Implement Spark streaming with Kafka and MinIO for real-time analytics and big data processing

Advanced 45 min Apr 02, 2026 40 views
Ubuntu 24.04 Debian 12 AlmaLinux 9 Rocky Linux 9

Build a production-ready real-time analytics pipeline using Apache Spark 3.5 streaming, Kafka for data ingestion, and MinIO for distributed object storage. This tutorial covers fault-tolerant streaming configurations and end-to-end pipeline implementation.

Prerequisites

  • Root or sudo access
  • At least 8GB RAM
  • 50GB available disk space
  • Network connectivity for downloads

What this solves

This tutorial implements a complete real-time analytics platform using Apache Spark 3.5 streaming with Kafka integration and MinIO object storage. You'll build a fault-tolerant pipeline that ingests streaming data from Kafka, processes it with Spark, and stores results in MinIO for analytics workloads. This setup handles high-throughput data streams with exactly-once processing guarantees.

Step-by-step installation

Update system packages and install Java

Spark requires Java 11 or higher. Install OpenJDK 11 and update your system packages first.

sudo apt update && sudo apt upgrade -y
sudo apt install -y openjdk-11-jdk wget curl unzip
sudo dnf update -y
sudo dnf install -y java-11-openjdk-devel wget curl unzip

Create service accounts and directories

Create dedicated users for Spark, Kafka, and MinIO services with proper directory structure.

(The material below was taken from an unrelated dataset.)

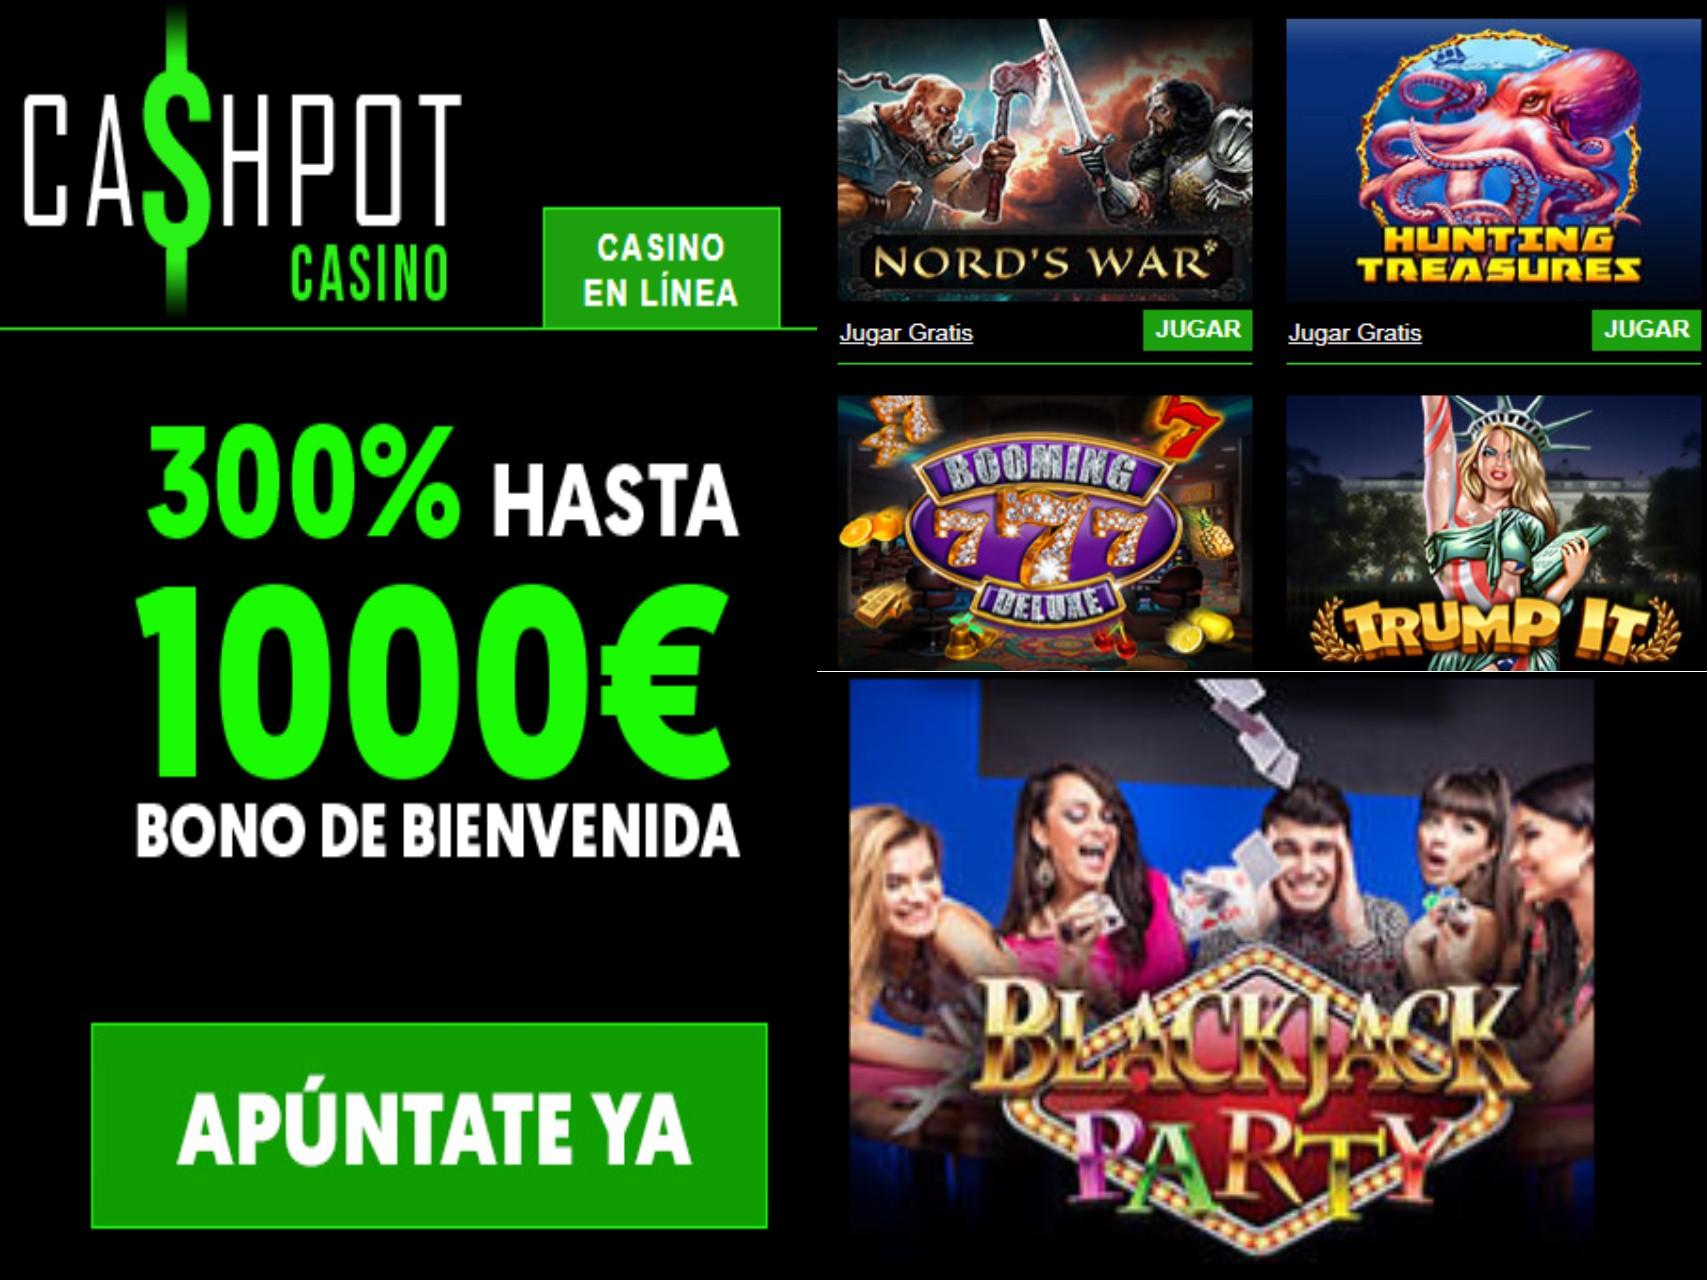 Casino Cashpot entrega hasta 1000 euros por bono de bienvenida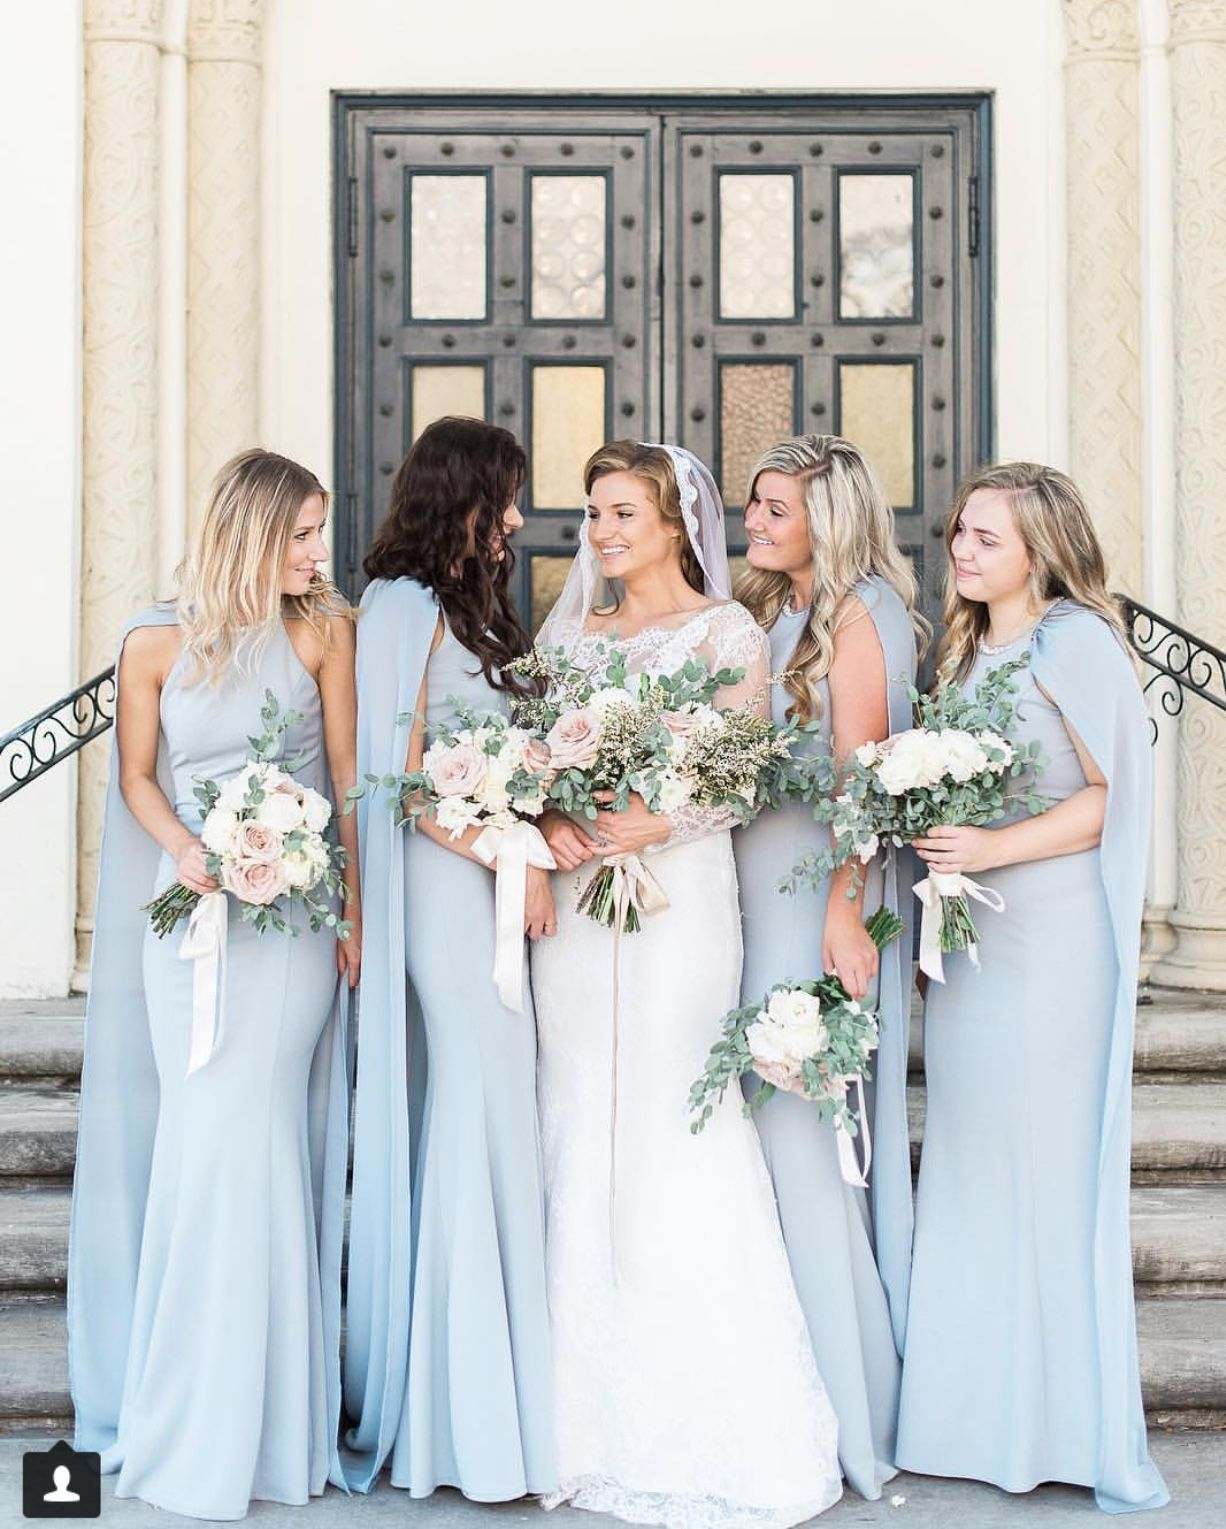 Dusty blue wedding weddings idea pinterest wedding dusty blue

sudo useradd -r -s /bin/false spark
sudo useradd -r -s /bin/false kafka
sudo useradd -r -s /bin/false minio-user
sudo mkdir -p /opt/{spark,kafka,minio}
sudo mkdir -p /var/log/{spark,kafka,minio}
sudo mkdir -p /data/{kafka-logs,minio}

Install Apache Spark 3.5

Download and install Spark 3.5 with Hadoop support for distributed processing capabilities.

cd /opt
sudo wget https://archive.apache.org/dist/spark/spark-3.5.0/spark-3.5.0-bin-hadoop3.tgz
sudo tar -xzf spark-3.5.0-bin-hadoop3.tgz
sudo mv spark-3.5.0-bin-hadoop3 spark/current
sudo chown -R spark:spark /opt/spark
sudo chown -R spark:spark /var/log/spark
sudo rm spark-3.5.0-bin-hadoop3.tgz

Install Apache Kafka

Install Kafka for real-time data streaming and message queuing between producers and Spark consumers.

cd /opt
sudo wget https://downloads.apache.org/kafka/2.13-3.6.1/kafka_2.13-3.6.1.tgz
sudo tar -xzf kafka_2.13-3.6.1.tgz
sudo mv kafka_2.13-3.6.1 kafka/current
sudo chown -R kafka:kafka /opt/kafka
sudo chown -R kafka:kafka /var/log/kafka
sudo chown -R kafka:kafka /data/kafka-logs
sudo rm kafka_2.13-3.6.1.tgz

Install MinIO object storage

Download and install MinIO for S3-compatible distributed object storage.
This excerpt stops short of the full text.